In deze zaak gaat het om een hoger beroep tegen een uitspraak van de rechtbank Noord-Nederland over de toekenning van een WIA-uitkering aan betrokkene, die als stukadoor werkzaam was tot hij in 2011 uitviel door een voettrauma. De Centrale Raad van Beroep heeft op 23 juni 2017 uitspraak gedaan. De rechtbank had eerder geoordeeld dat de medische grondslag van het bestreden besluit niet kon standhouden, en het besluit vernietigd. De Raad bevestigt deze uitspraak en oordeelt dat de rechtbank de deskundige, prof. dr. R.L. Diercks, terecht heeft gevolgd in zijn rapportage over de belastbaarheid van betrokkene. De deskundige concludeerde dat betrokkene meer beperkt is dan eerder aangenomen, en dat alle functies die zijn geduid ter bepaling van de theoretische verdiencapaciteit ongeschikt zijn. De Raad oordeelt dat de rechtbank op juiste gronden heeft vastgesteld dat de beperkingen van betrokkene, zoals vastgesteld door de deskundige, overtuigend zijn en dat het bestreden besluit, in samenhang met de gewijzigde motivering, vernietigd moet worden.

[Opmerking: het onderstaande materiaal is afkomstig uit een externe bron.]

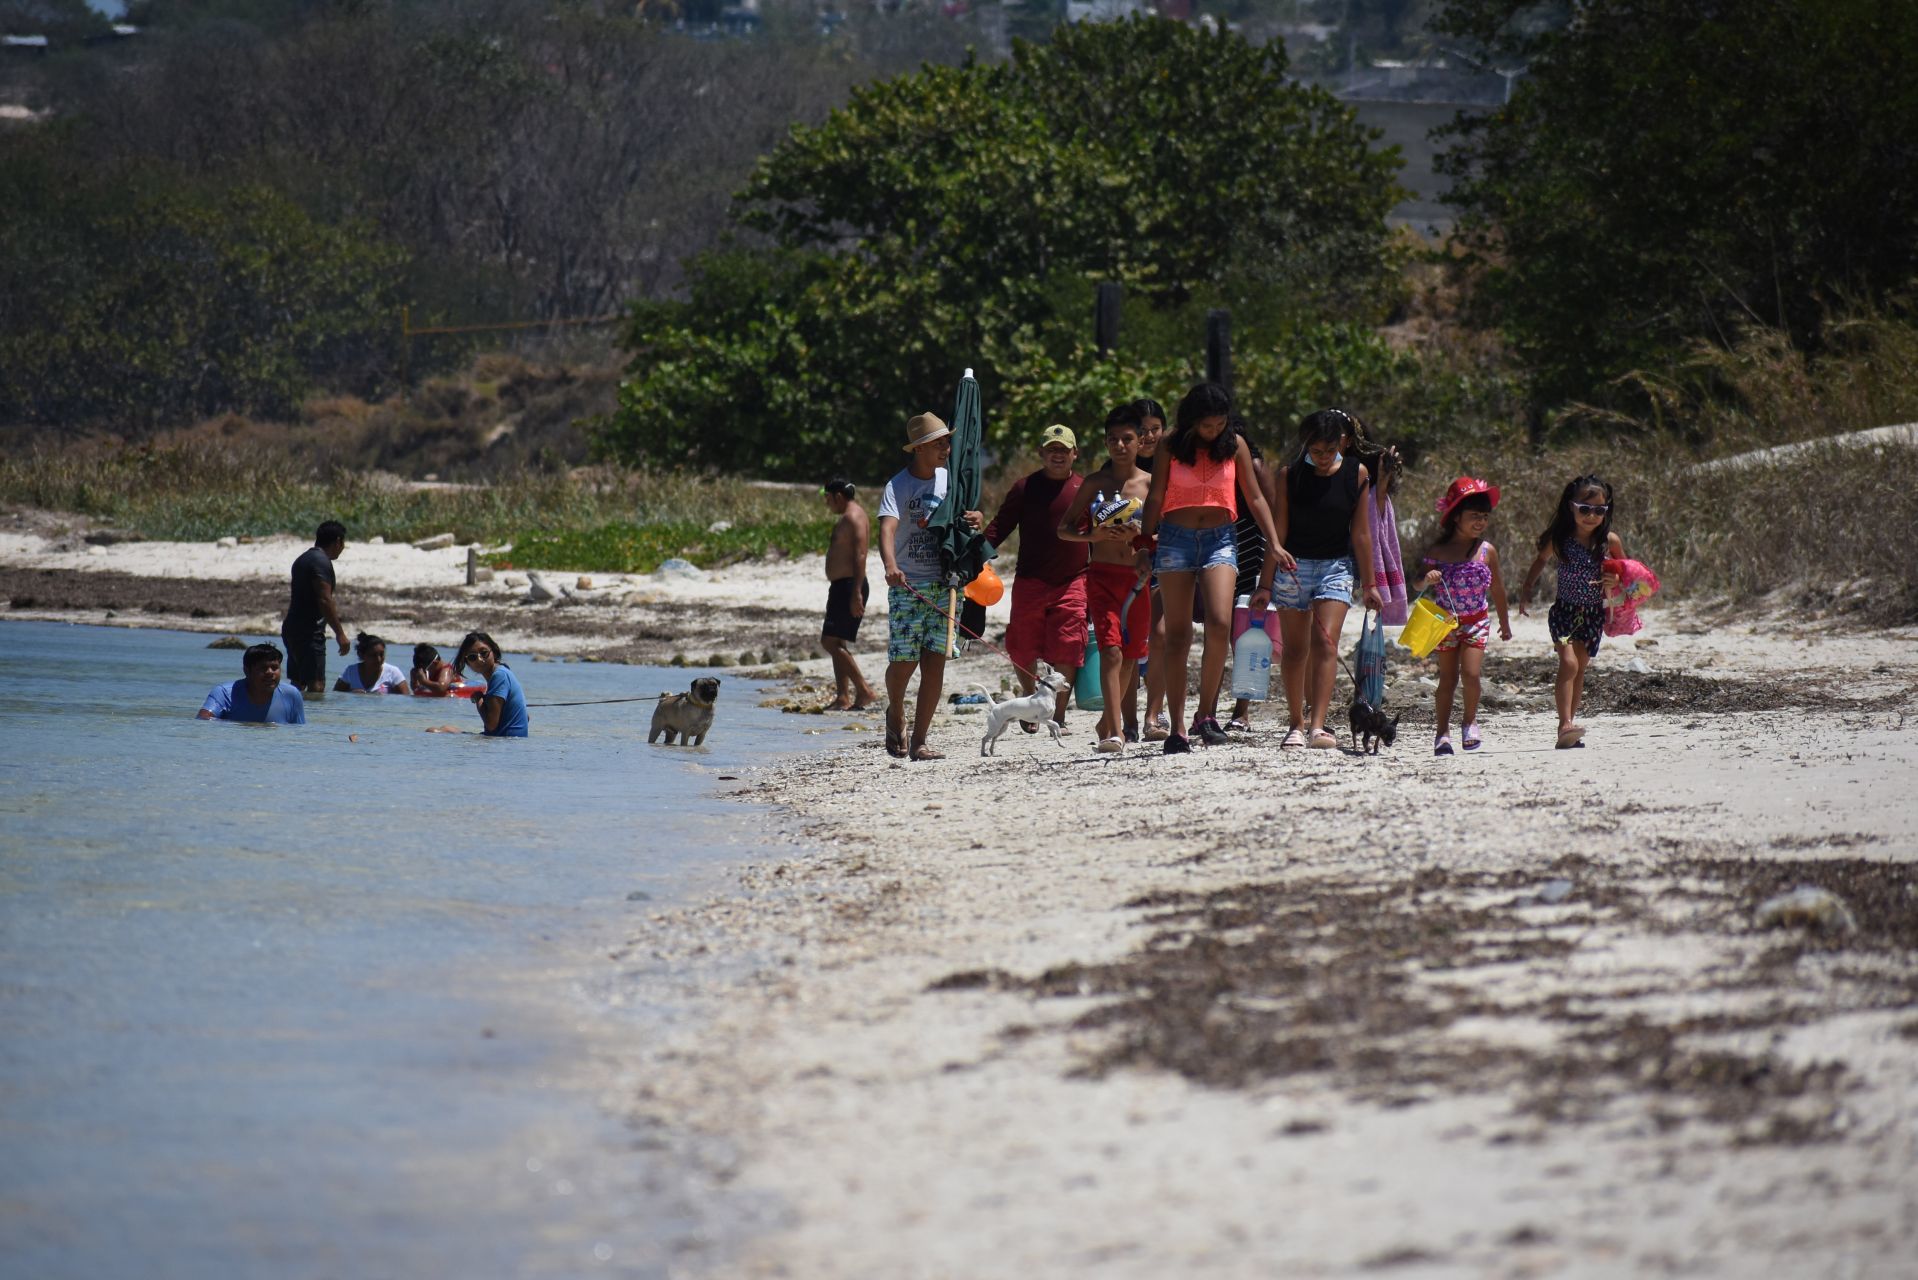 Fotos: Turistas van a playas por Semana Santa pese a COVID

De Raad wijst erop dat het rolstoelgebruik van betrokkene niet kan worden uitgesloten, en dat dit een rol kan spelen in de beoordeling van zijn belastbaarheid. De Raad heeft appellant opgedragen een nieuwe beslissing op het bezwaar te nemen, met inachtneming van de uitspraak, en veroordeelt appellant in de proceskosten van betrokkene in hoger beroep.

Uitspraak

15/5788 WIA
Centrale Raad van Beroep
Meervoudige kamer
Uitspraak op het hoger beroep tegen de uitspraak van de rechtbank Noord-Nederland van
15 juli 2015, 14/1980 (aangevallen uitspraak)
Partijen:
de Raad van bestuur van het Uitvoeringsinstituut werknemersverzekeringen (appellant)
[betrokkene] te [woonplaats] (betrokkene)

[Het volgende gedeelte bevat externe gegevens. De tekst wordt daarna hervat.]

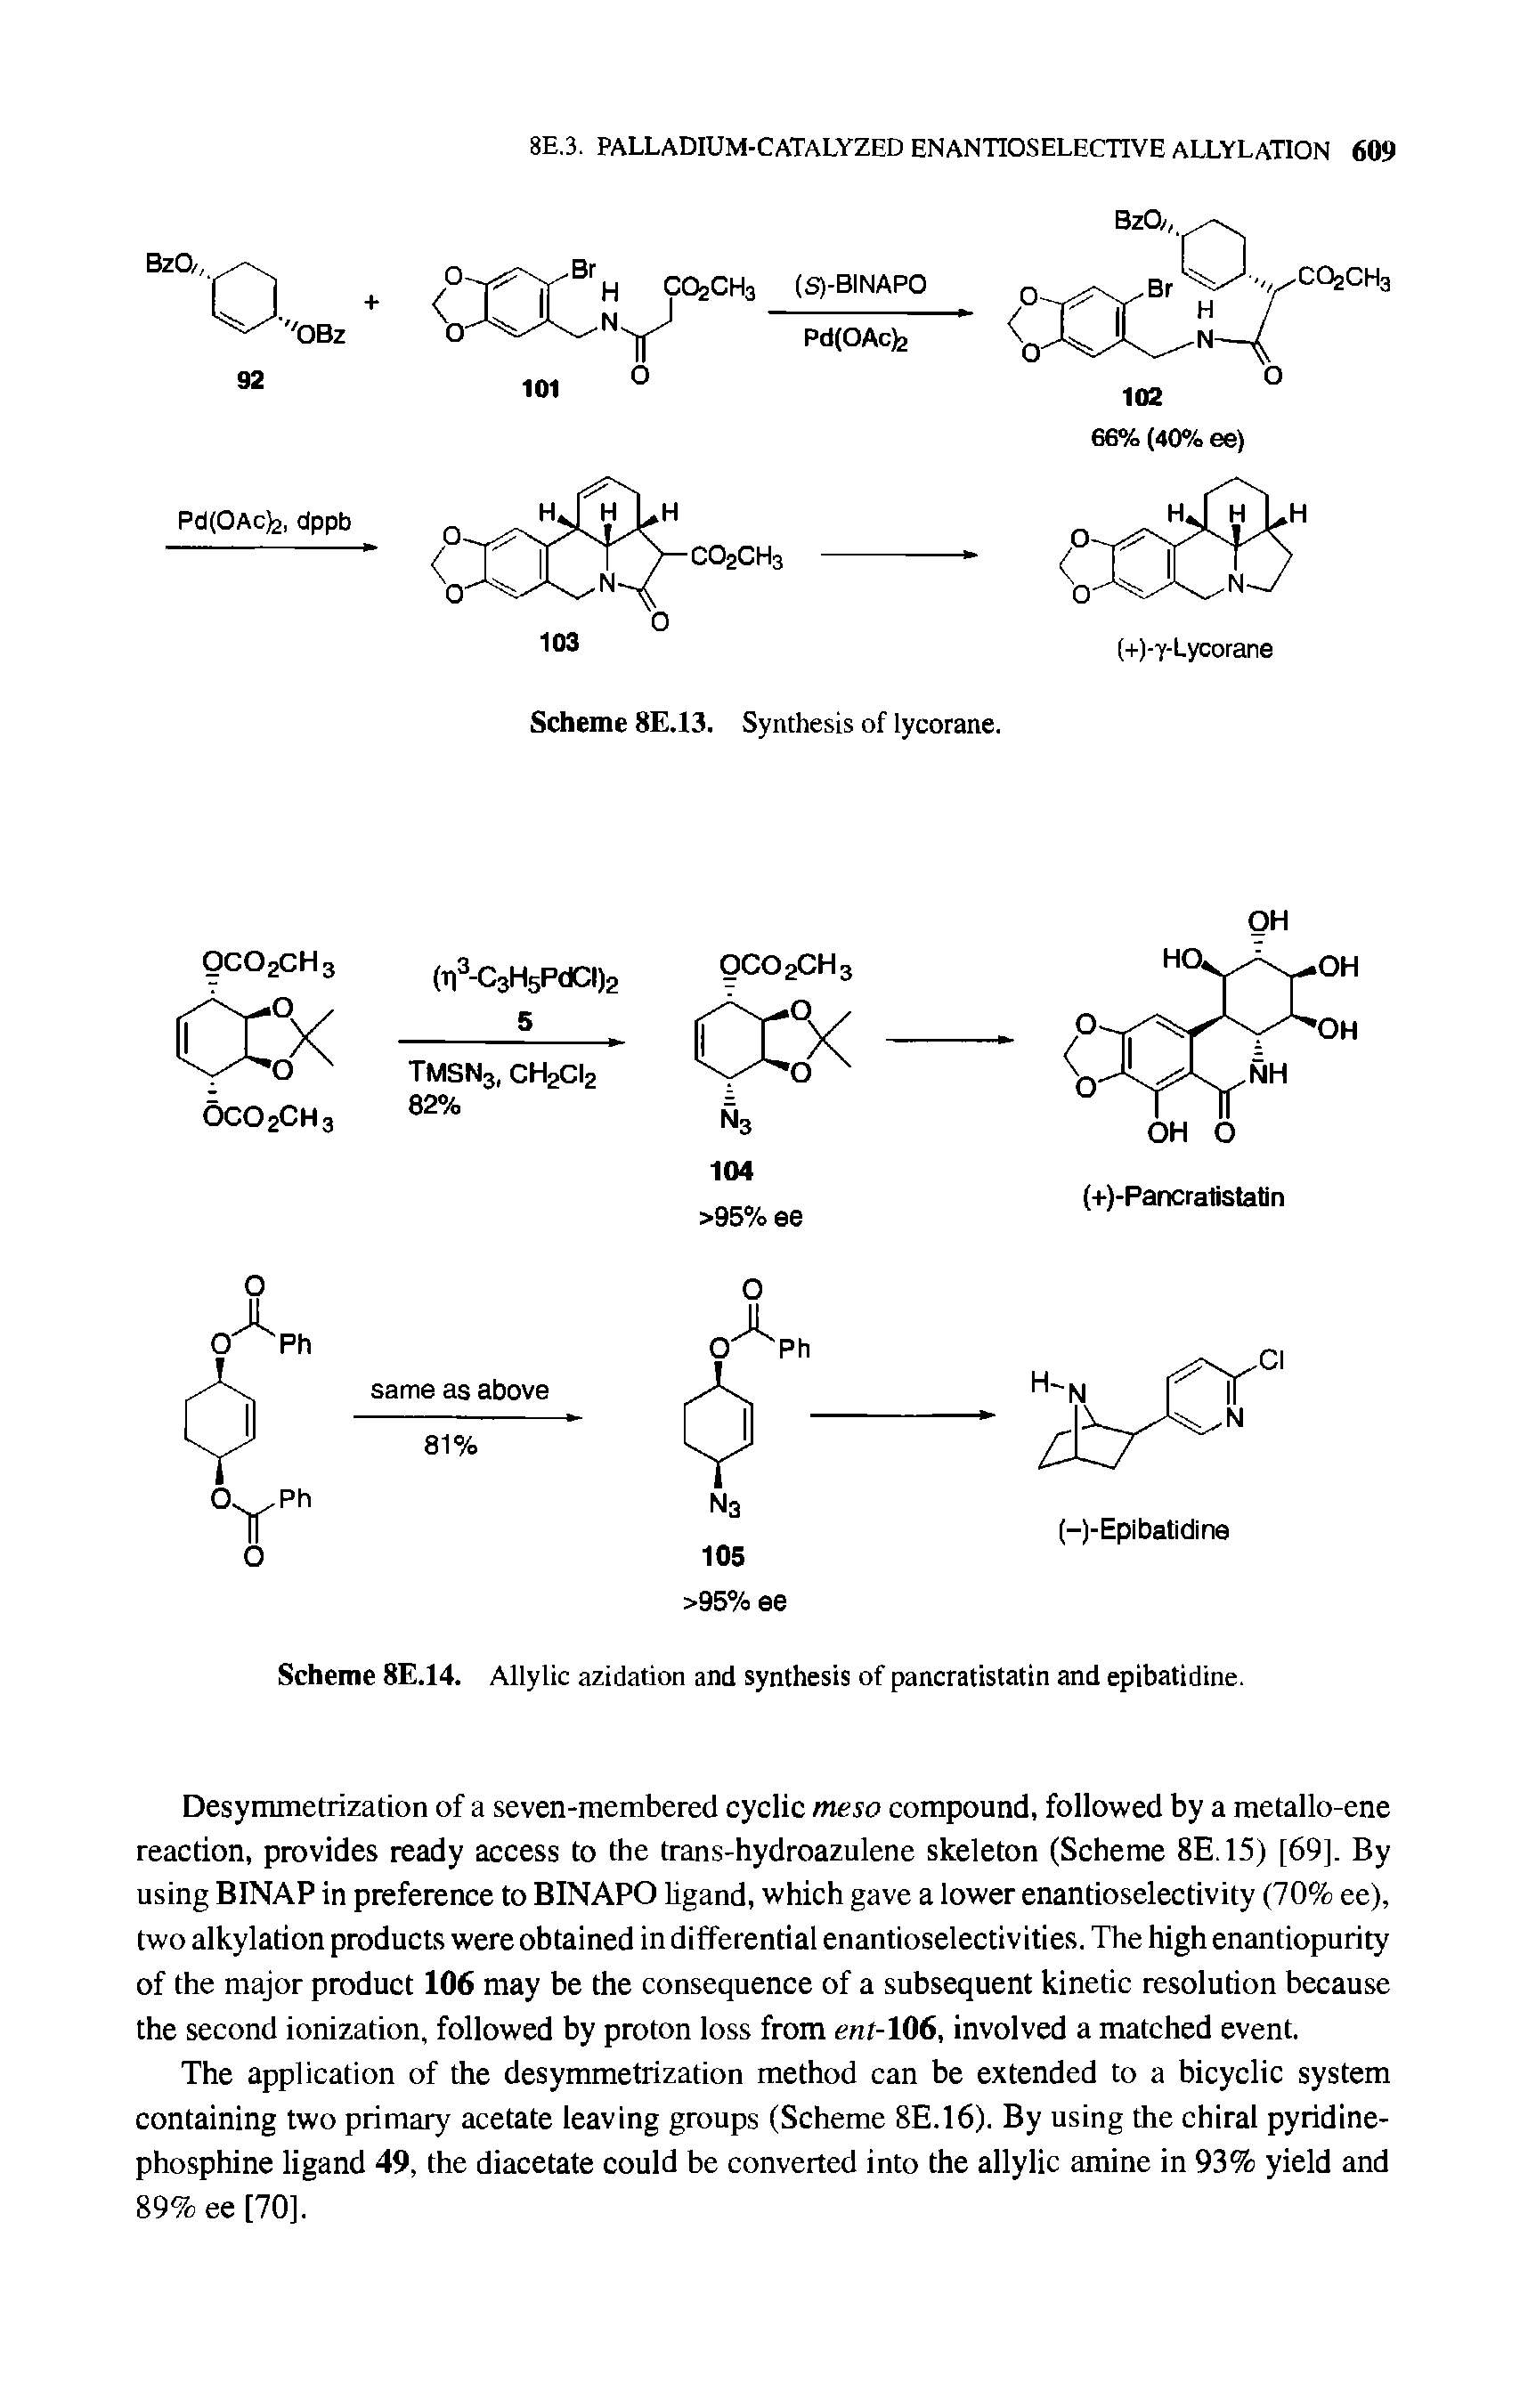 Scheme 8E.14. Allylic azidation and synthesis of pancratistatin and epibatidine.

Datum uitspraak: 23 juni 2017
PROCESVERLOOP
Appellant heeft hoger beroep ingesteld.
Namens betrokkene heeft J.R. Beukema een verweerschrift ingediend.

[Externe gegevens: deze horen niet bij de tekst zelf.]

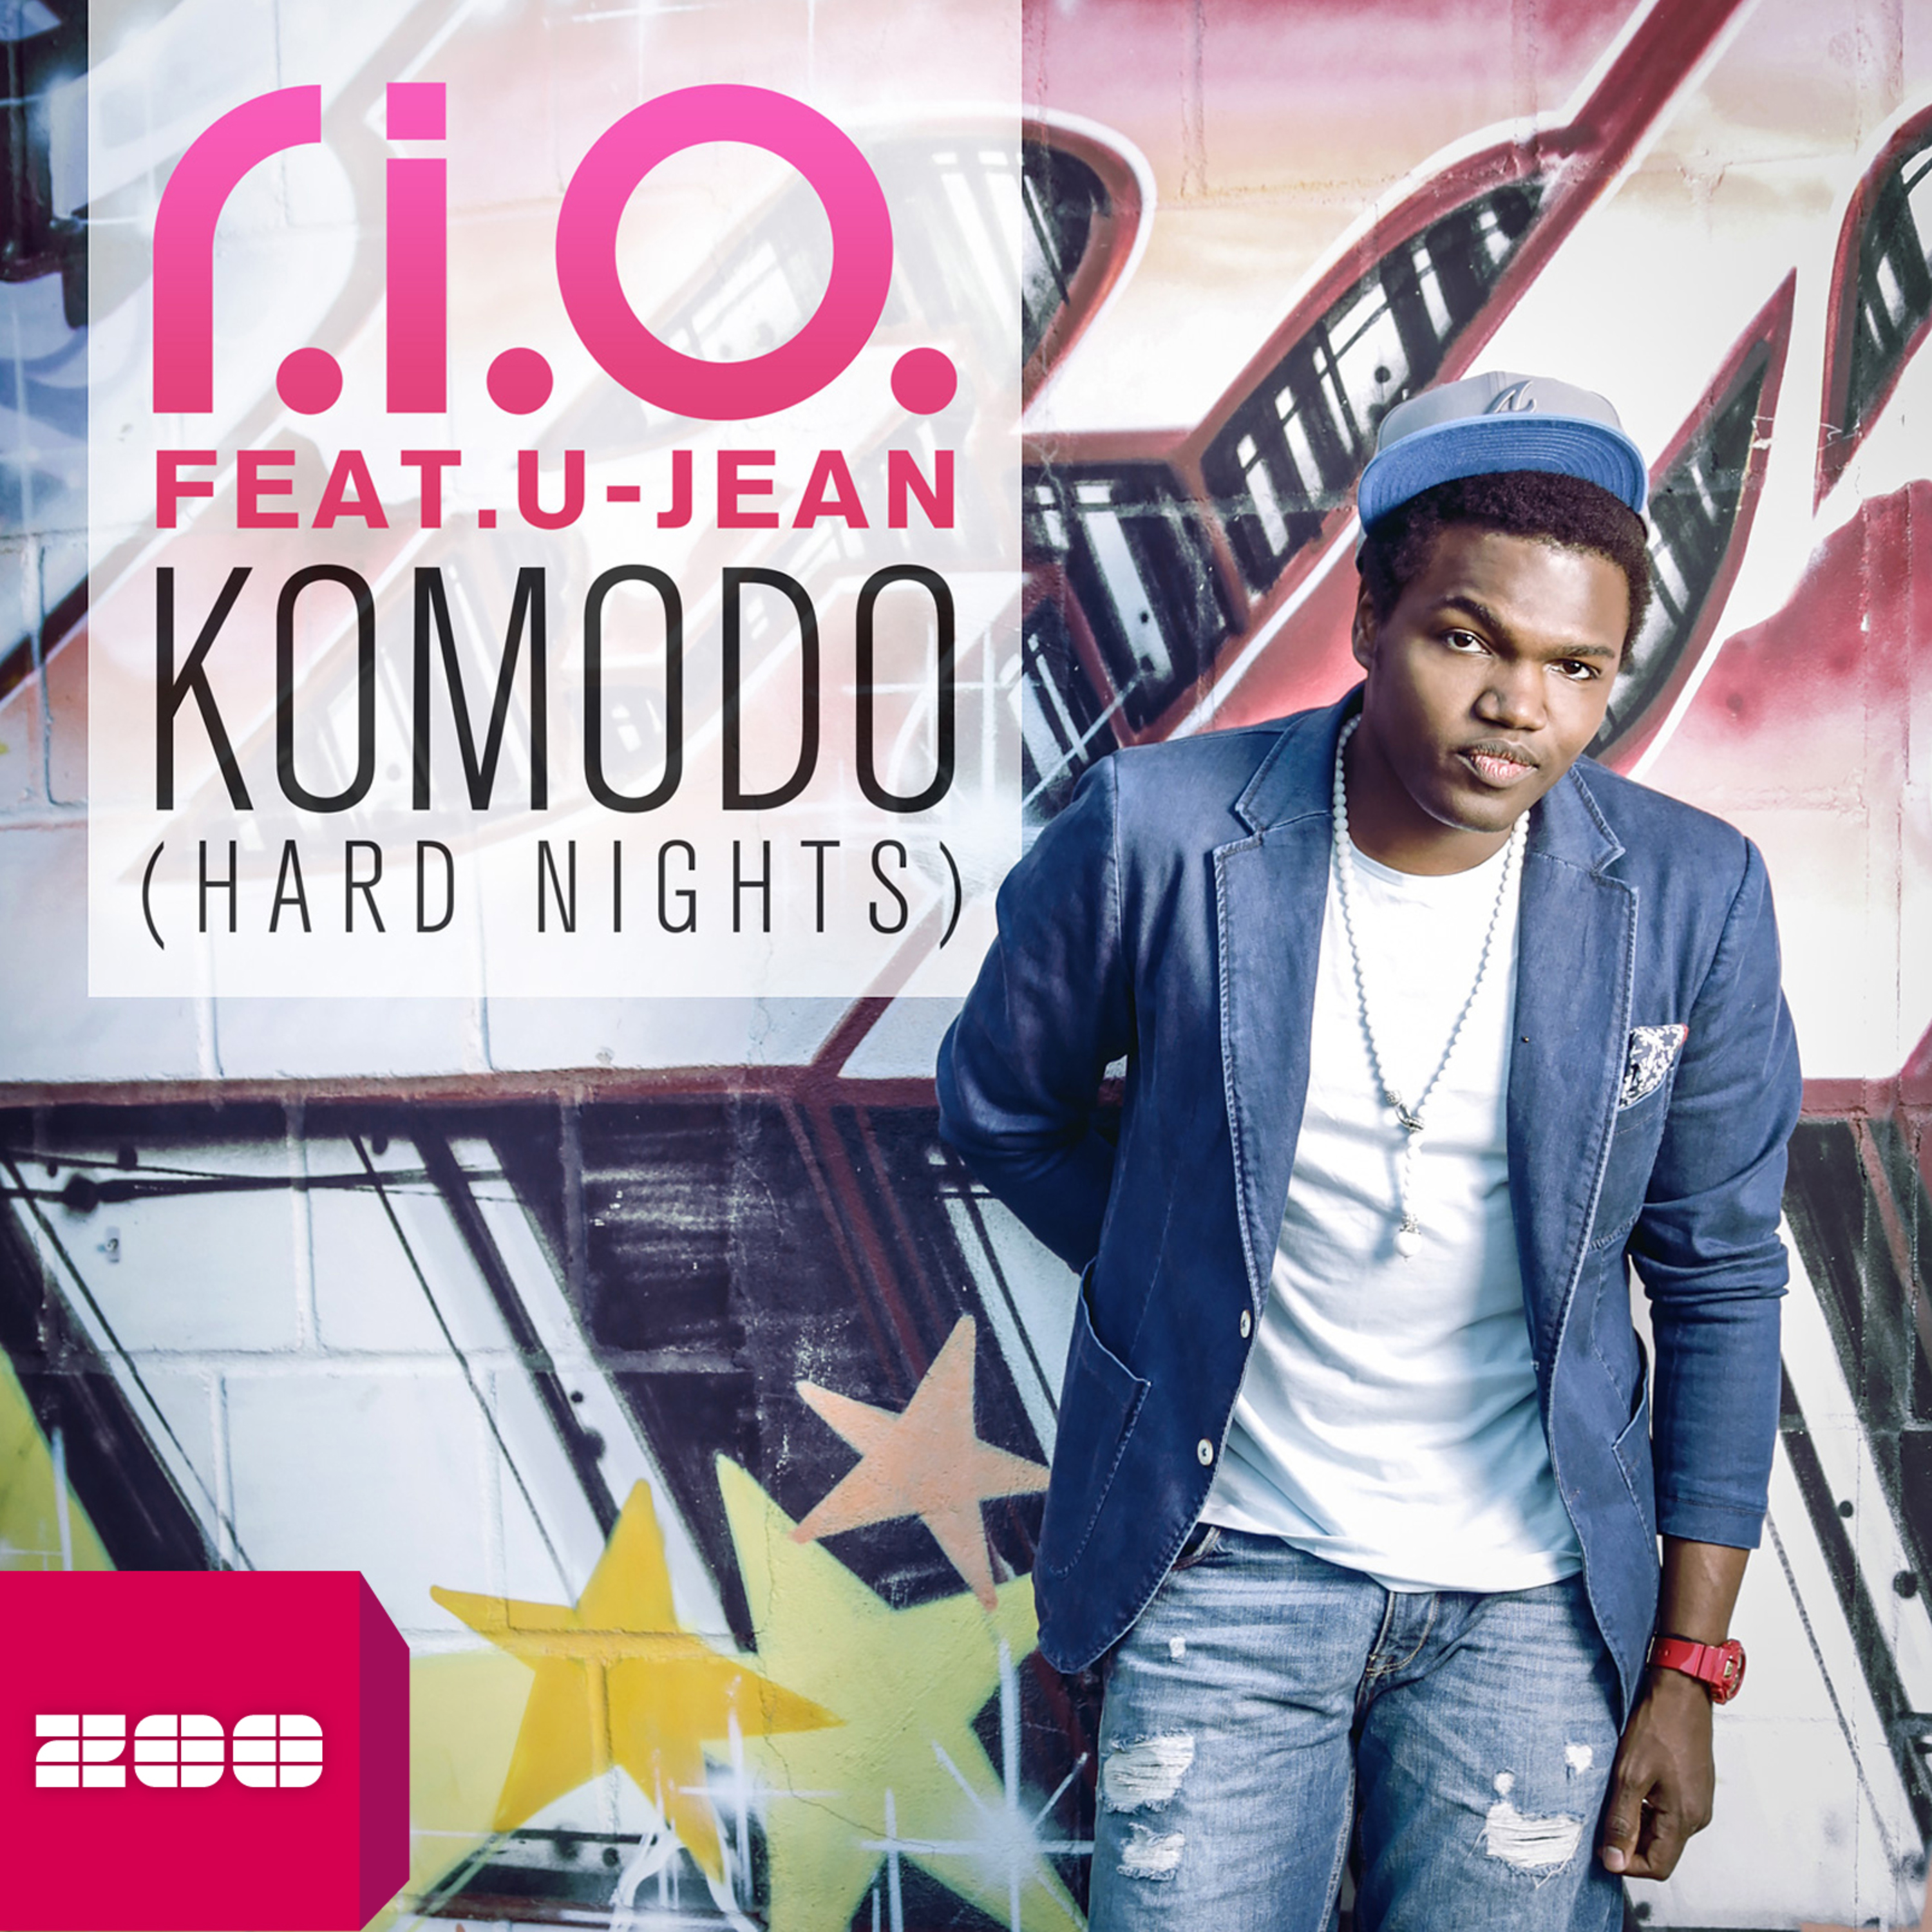 Komodo (Hard Nights) (Extended Mix)

Het onderzoek ter zitting heeft plaatsgevonden op 14 april 2017. Appellant heeft zich laten vertegenwoordigen door mr. D. de Jong. Namens betrokkene is verschenen Beukema.

OVERWEGINGEN

1.1.
Betrokkene is geboren [in] 1969 en is tot 10 november 2011, het moment waarop hij uitviel met een trauma aan de rechtervoet, als stukadoor werkzaam geweest voor [naam werkgeefster]. Het dienstverband is geëindigd op 28 februari 2012 na faillissement van de werkgever. Daarop heeft betrokkene een uitkering aangevraagd op grond van de Ziektewet. Naar aanleiding van zijn aanvraag om een uitkering op grond van de Wet werk en inkomen naar arbeidsvermogen (Wet WIA) heeft medisch en arbeidskundig onderzoek plaatsgevonden. Een verzekeringsarts van appellant heeft vastgesteld dat er sprake is van verminderde benutbare mogelijkheden en heeft de beperkingen van betrokkene opgenomen in de Functionele Mogelijkhedenlijst (FML) van 16 september 2013. De arbeidsdeskundige heeft op basis van deze FML betrokkene niet geschikt geacht voor zijn maatgevende arbeid, maar wel voor een aantal geselecteerde functies. Op basis van drie van deze functies heeft de arbeidsdeskundige vastgesteld dat sprake is van een loonverlies van 51,34%. Bij besluit van
9 oktober 2013 heeft appellant betrokkene per 8 november 2013 in aanmerking gebracht voor een loongerelateerde WGA-uitkering.
1.2.
Naar aanleiding van het bezwaar van betrokkene heeft op 9 januari 2014 medisch onderzoek plaatsgevonden door de verzekeringsarts bezwaar en beroep. De verzekeringsarts bezwaar en beroep heeft betrokkene niet beperkt geacht voor de dynamische handeling ‘buigen’ en heeft de FML dienovereenkomstig aangepast en heeft voor het overige de beoordeling van de verzekeringsarts bevestigd. De arbeidsdeskundige bezwaar en beroep heeft bij zijn rapport van 9 april 2014 het maatmanloon van betrokkene naar boven toe bijgesteld en op basis van een nieuwe functieselectie vastgesteld dat er sprake is van een loonverlies van 48,27%. Het bezwaar van betrokkene tegen dit besluit is, onder verwijzing naar de rapporten van de verzekeringsarts bezwaar en beroep en de arbeidsdeskundige bezwaar en beroep, bij besluit van 11 april 2014 (bestreden besluit) ongegrond verklaard.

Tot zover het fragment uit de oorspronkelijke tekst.